● WORK TO COMPLETE
The complete listing goes into the output exactly, without its pictures.

● DATA SECTION
*** Block opens ***

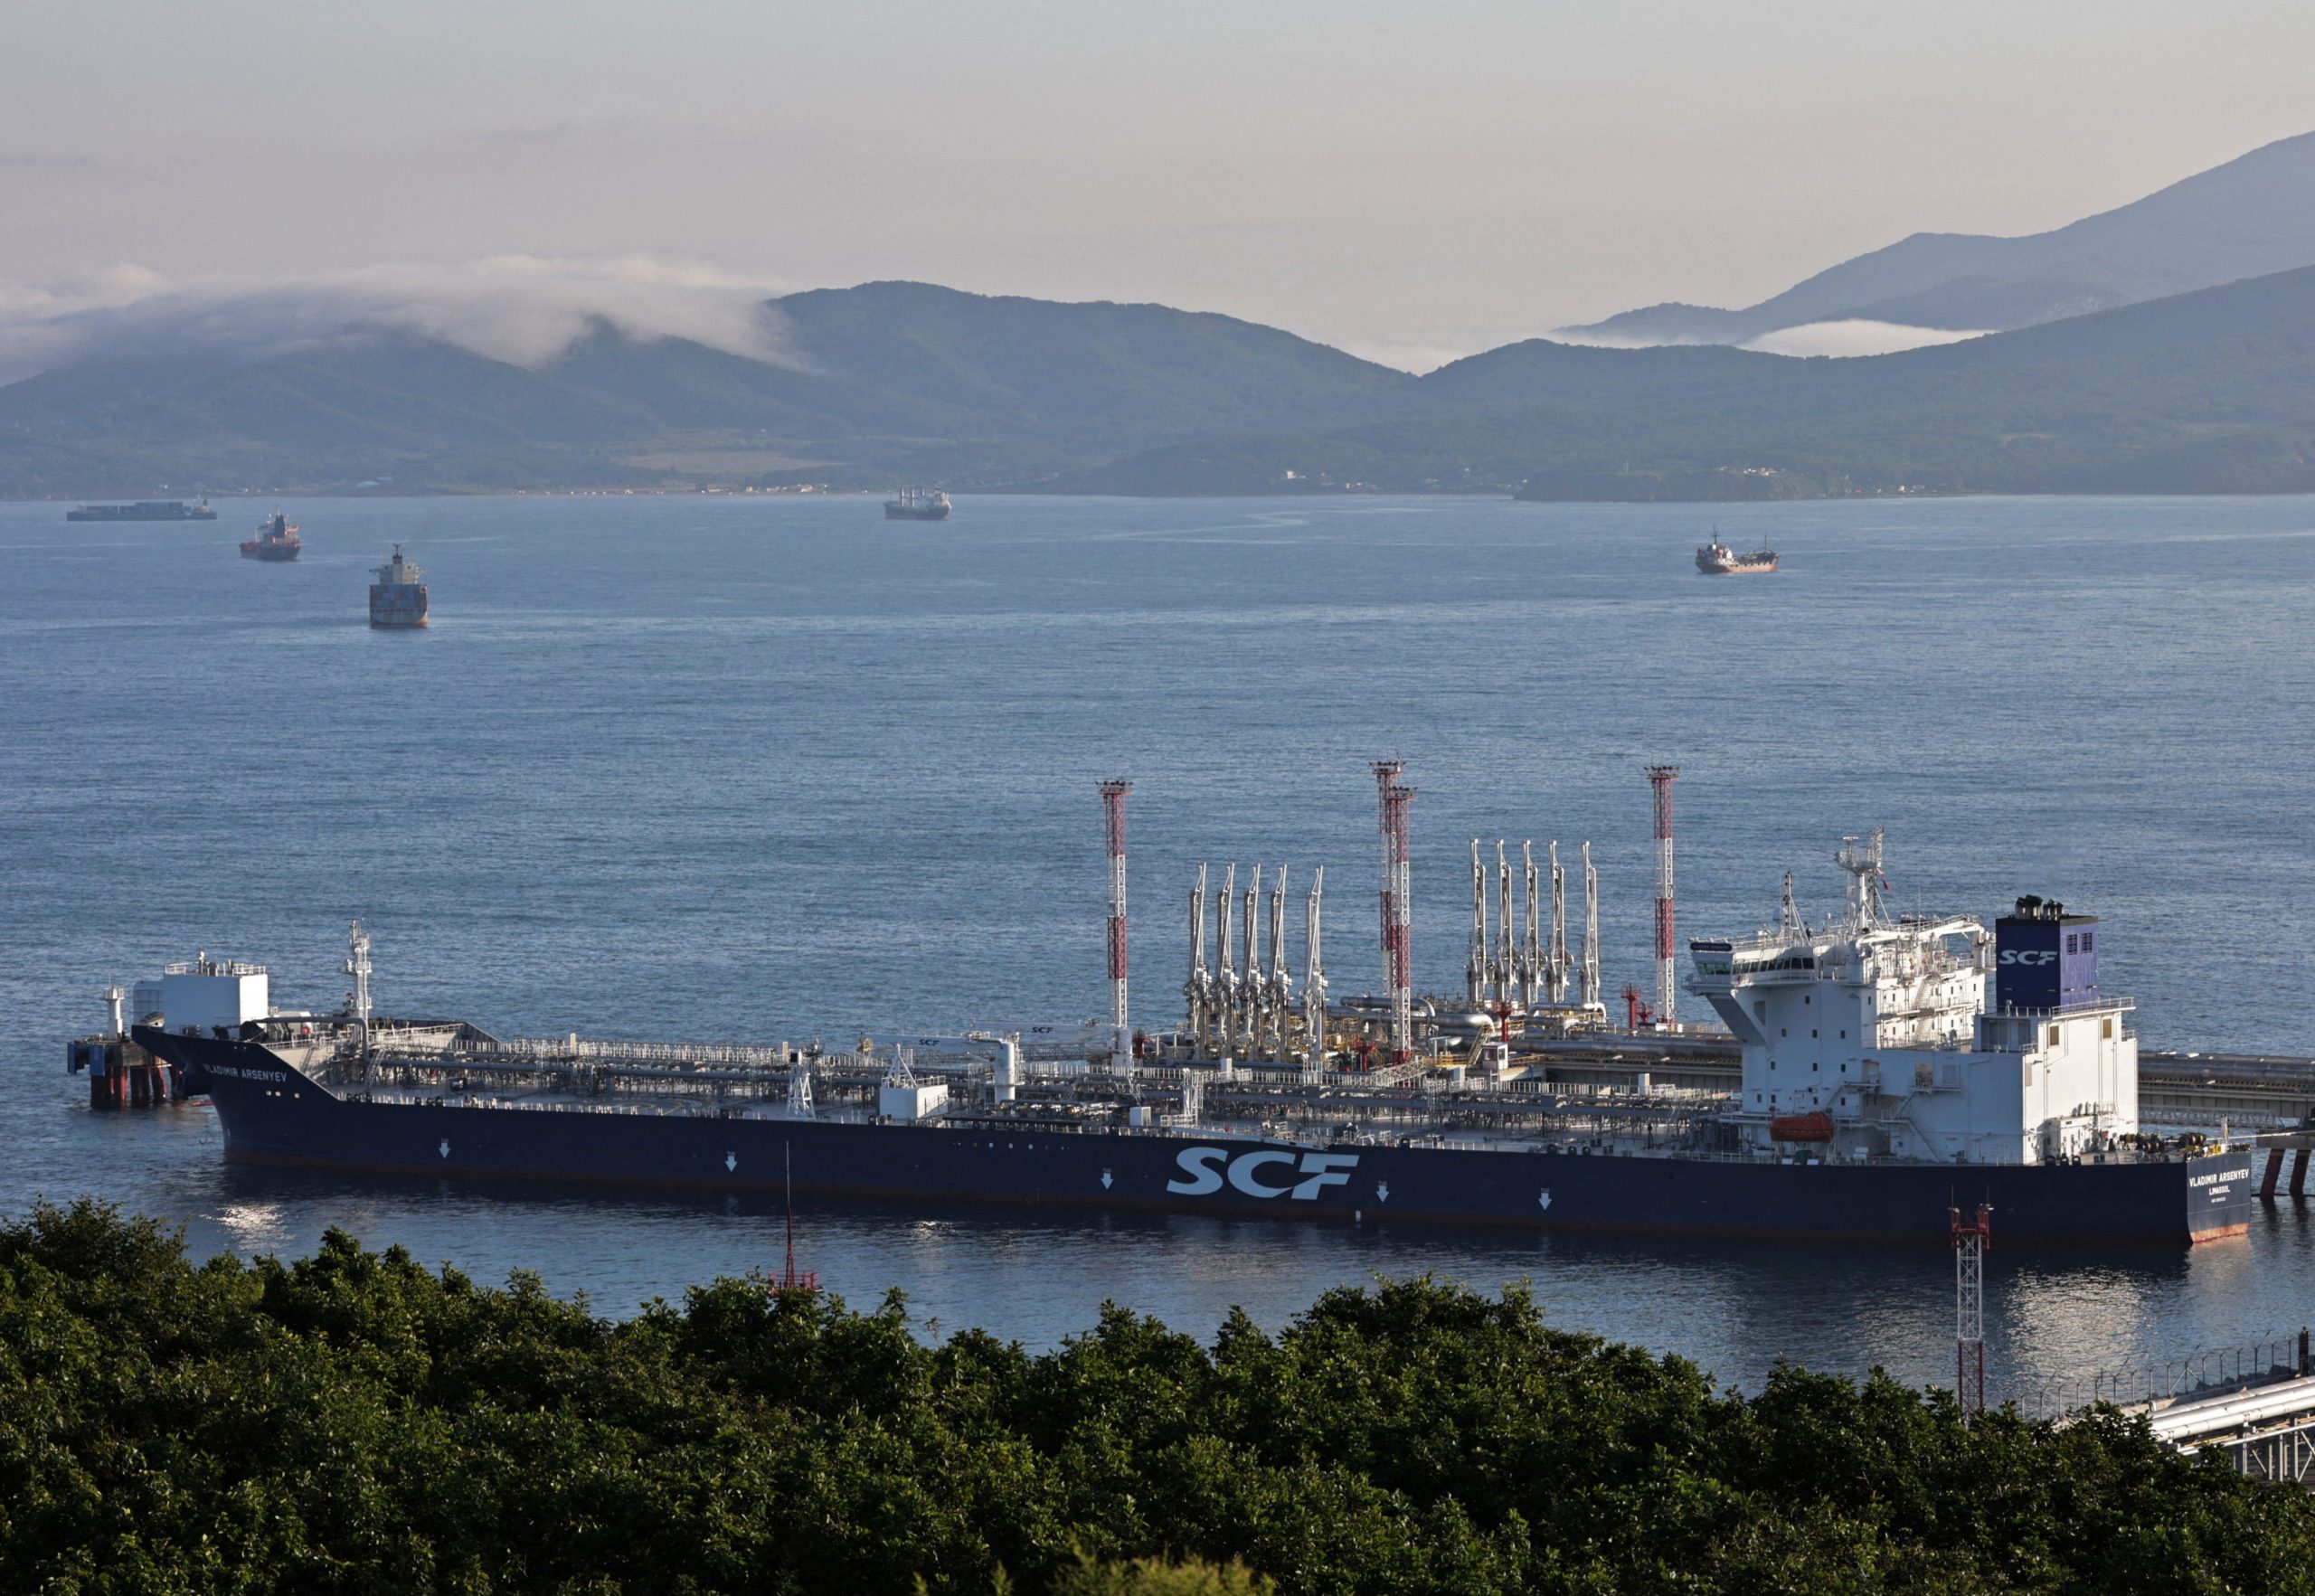 Russia Faces Oil Shut-In or Price Cap Amid Sanctions
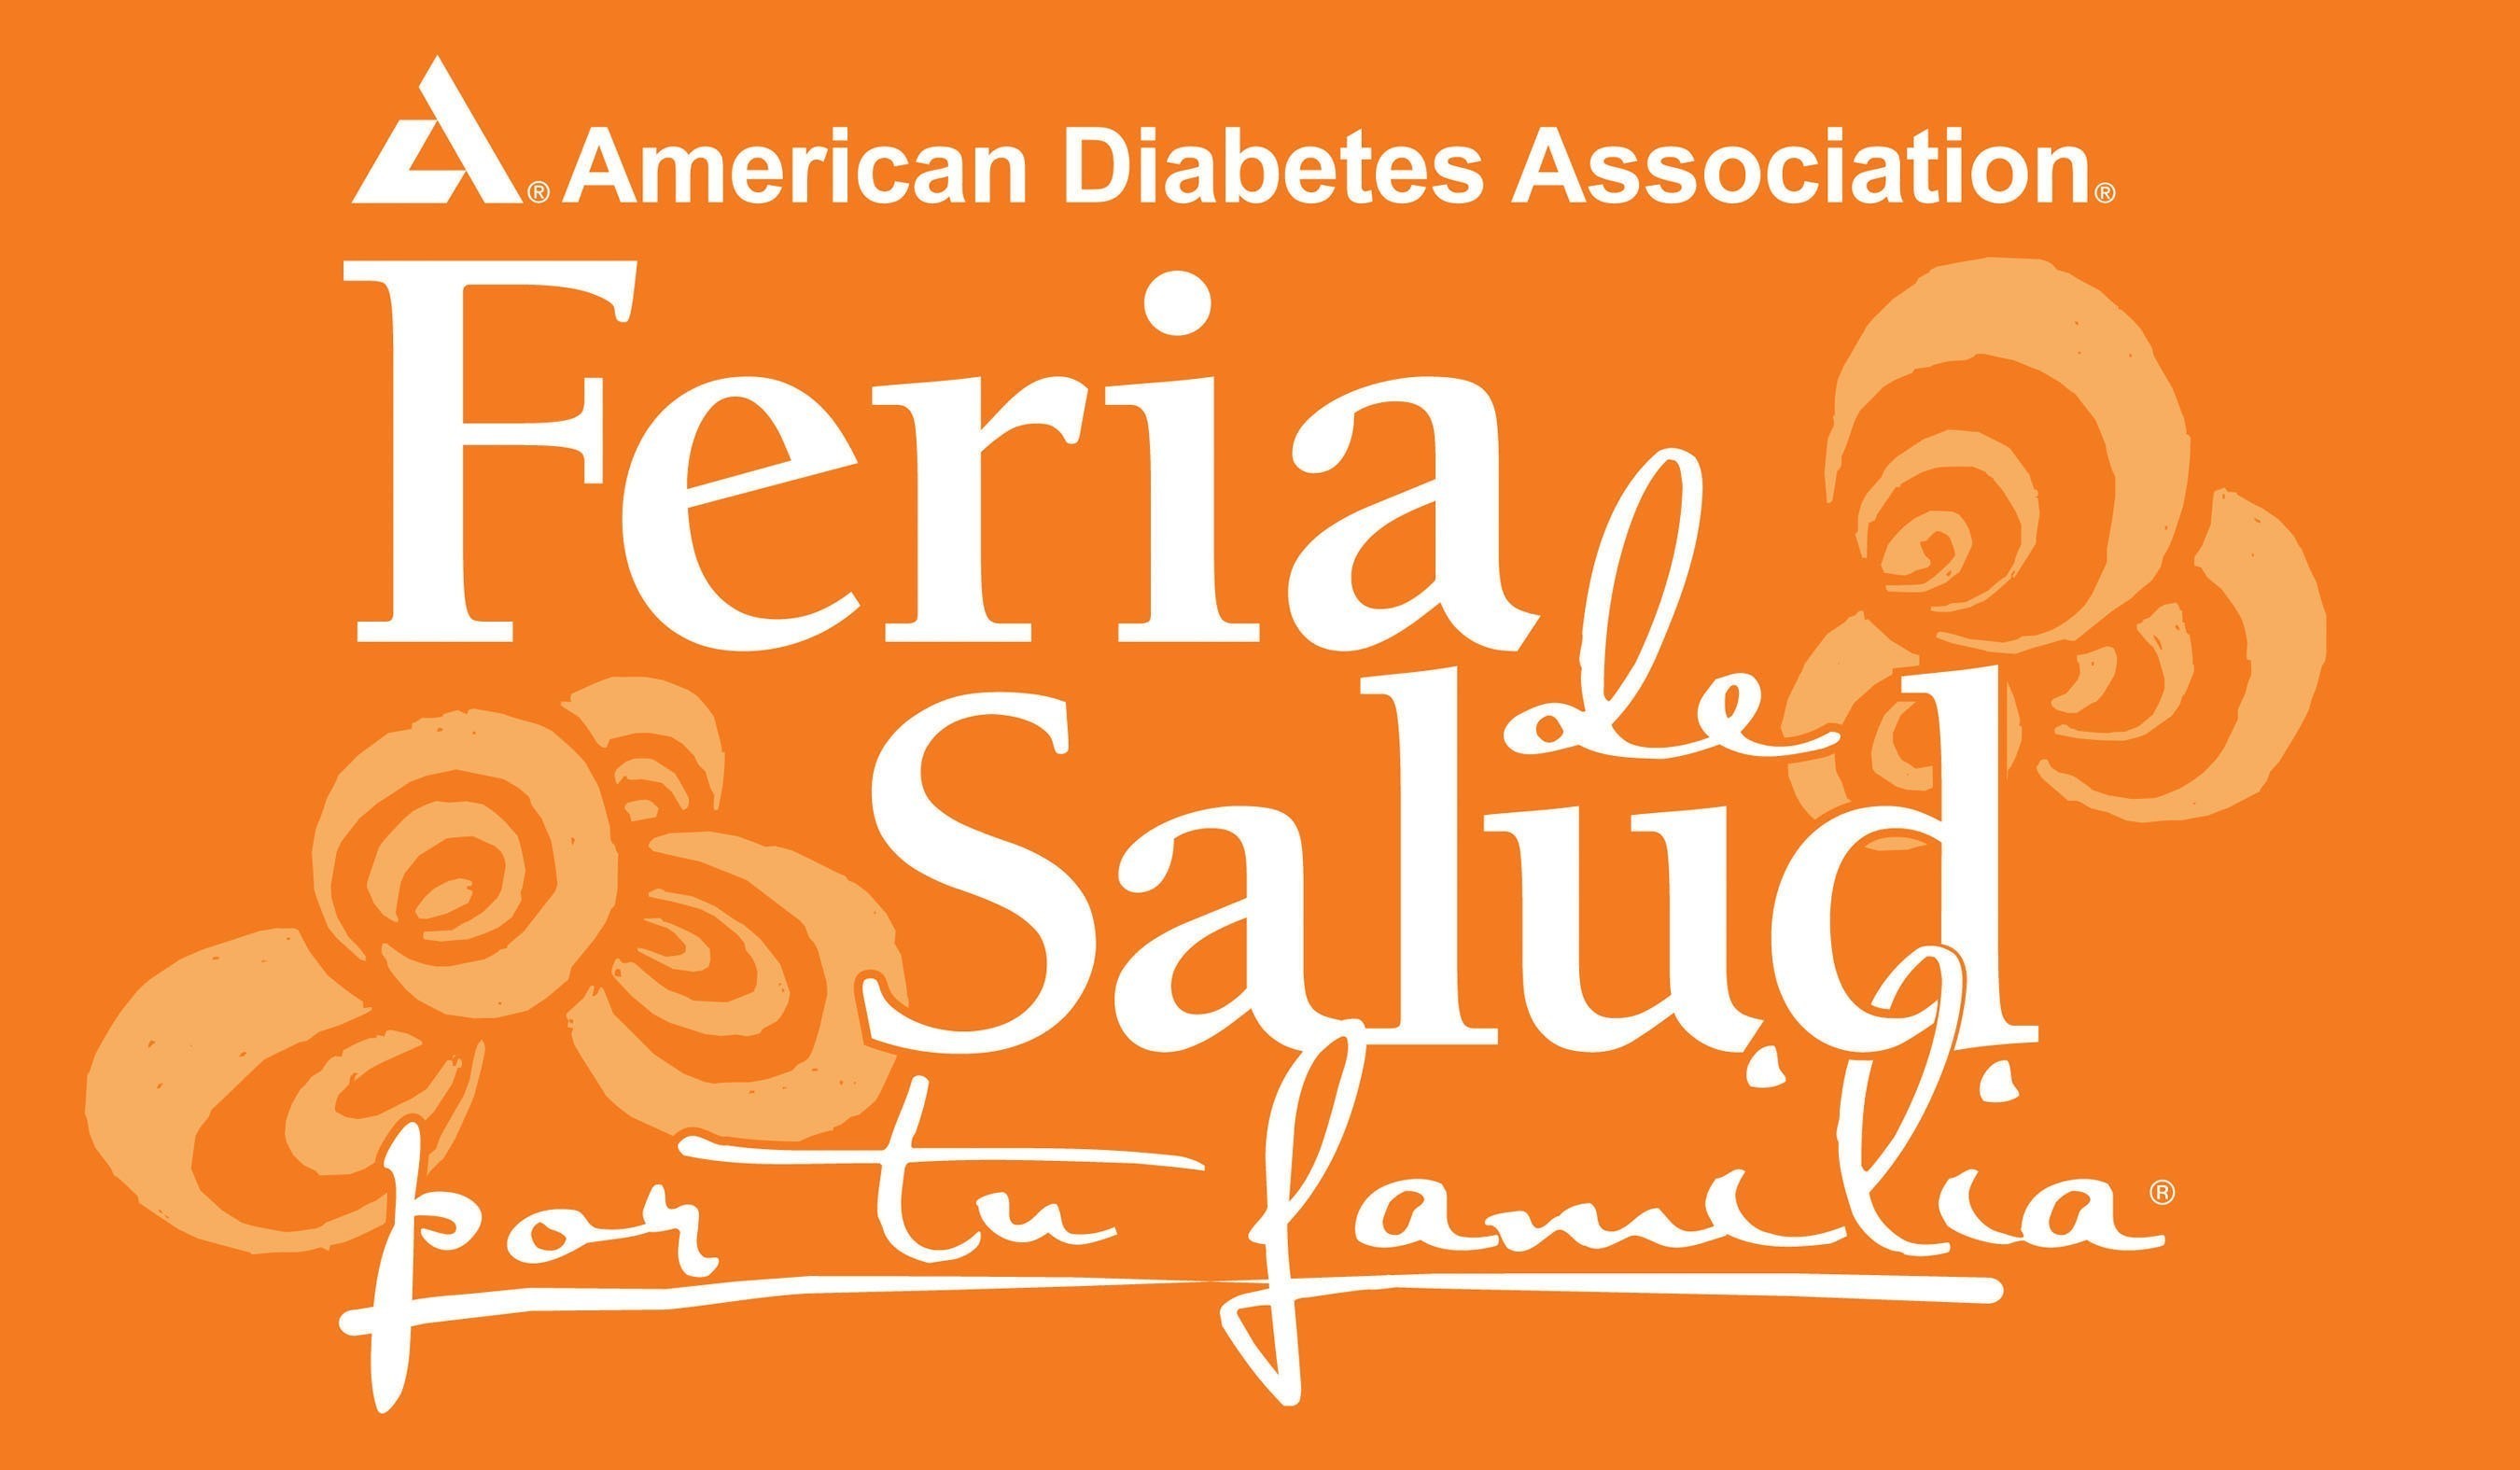 American Diabetes Association's (ADA) Feria de Salud logo.
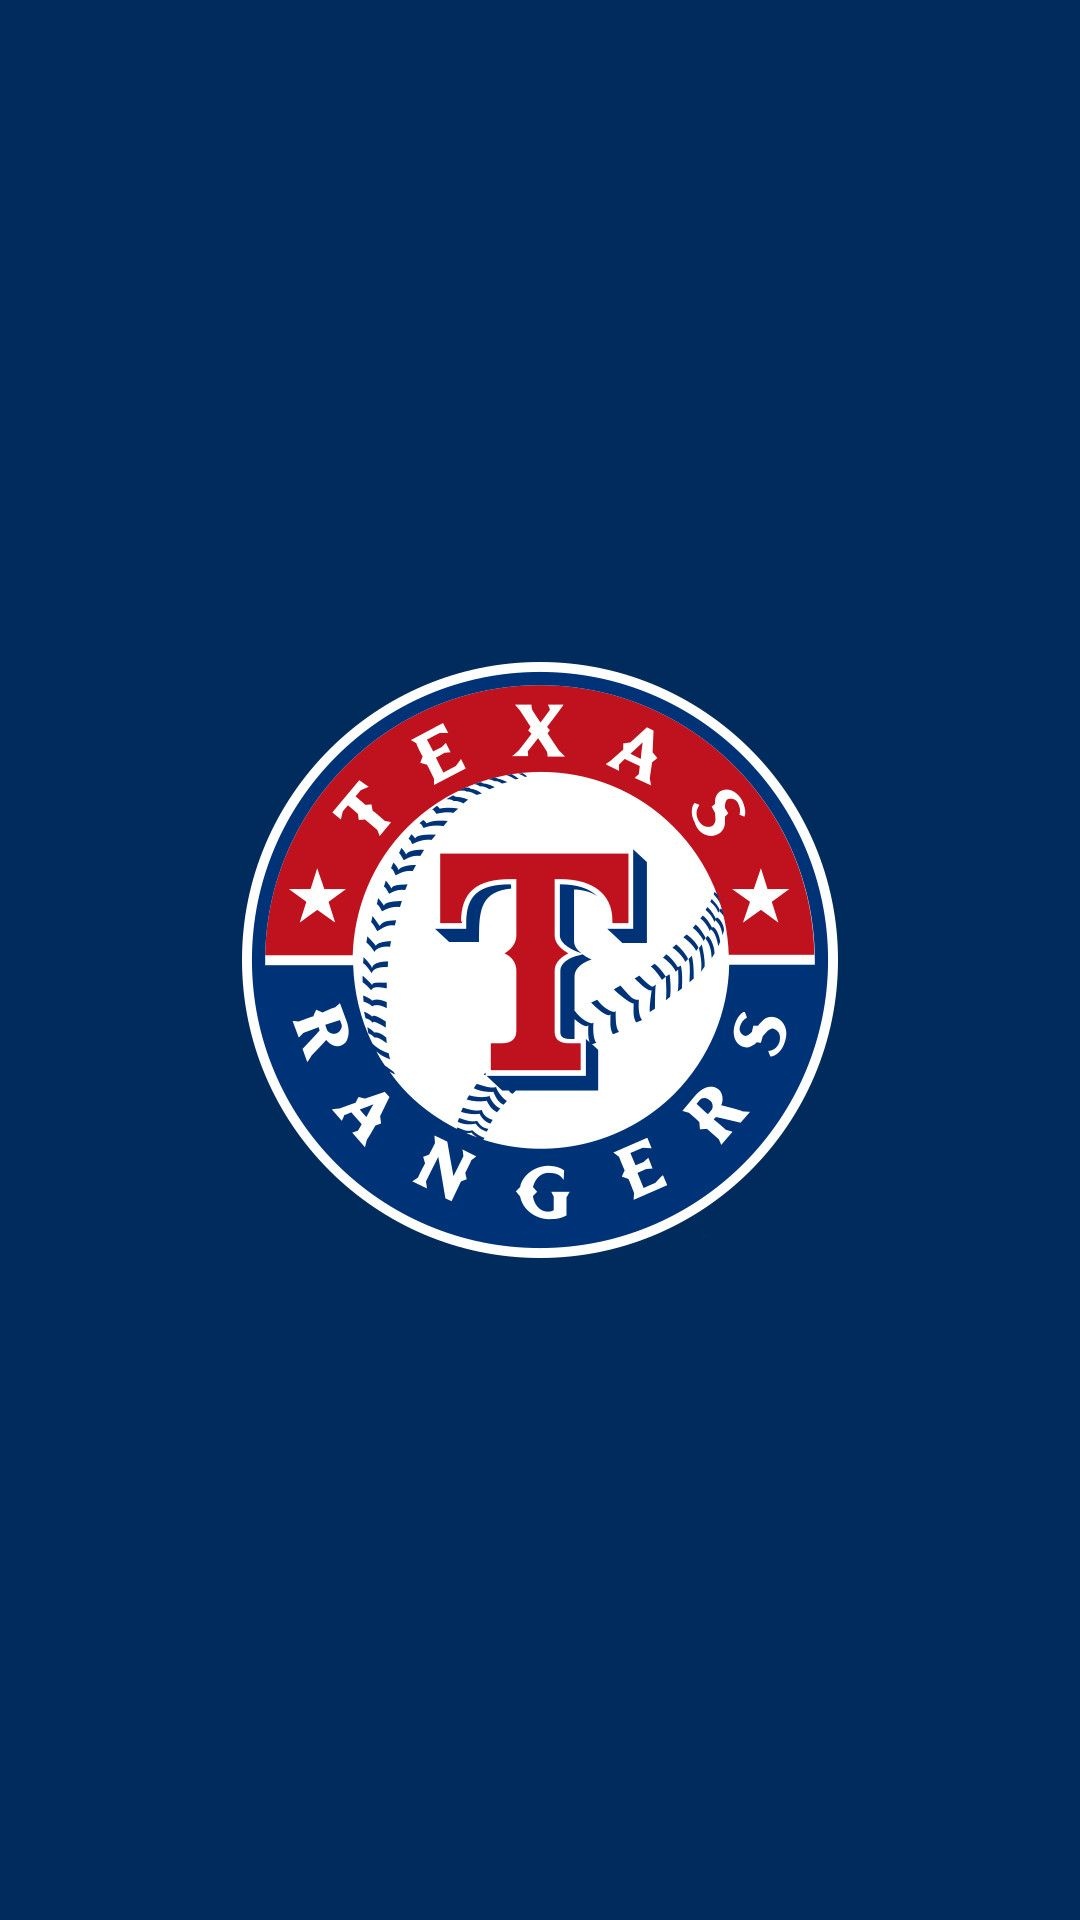 Texas Rangers wallpapers, Top backgrounds, 1080x1920 Full HD Handy

*** Block closes ***

● OUTPUT FOR THIS TASK
 Russia Faces Oil Shut-In or Price Cap Amid Sanctions
 American Diabetes Association's (ADA) Feria de Salud logo.
 Texas Rangers wallpapers, Top backgrounds, 1080x1920 Full HD Handy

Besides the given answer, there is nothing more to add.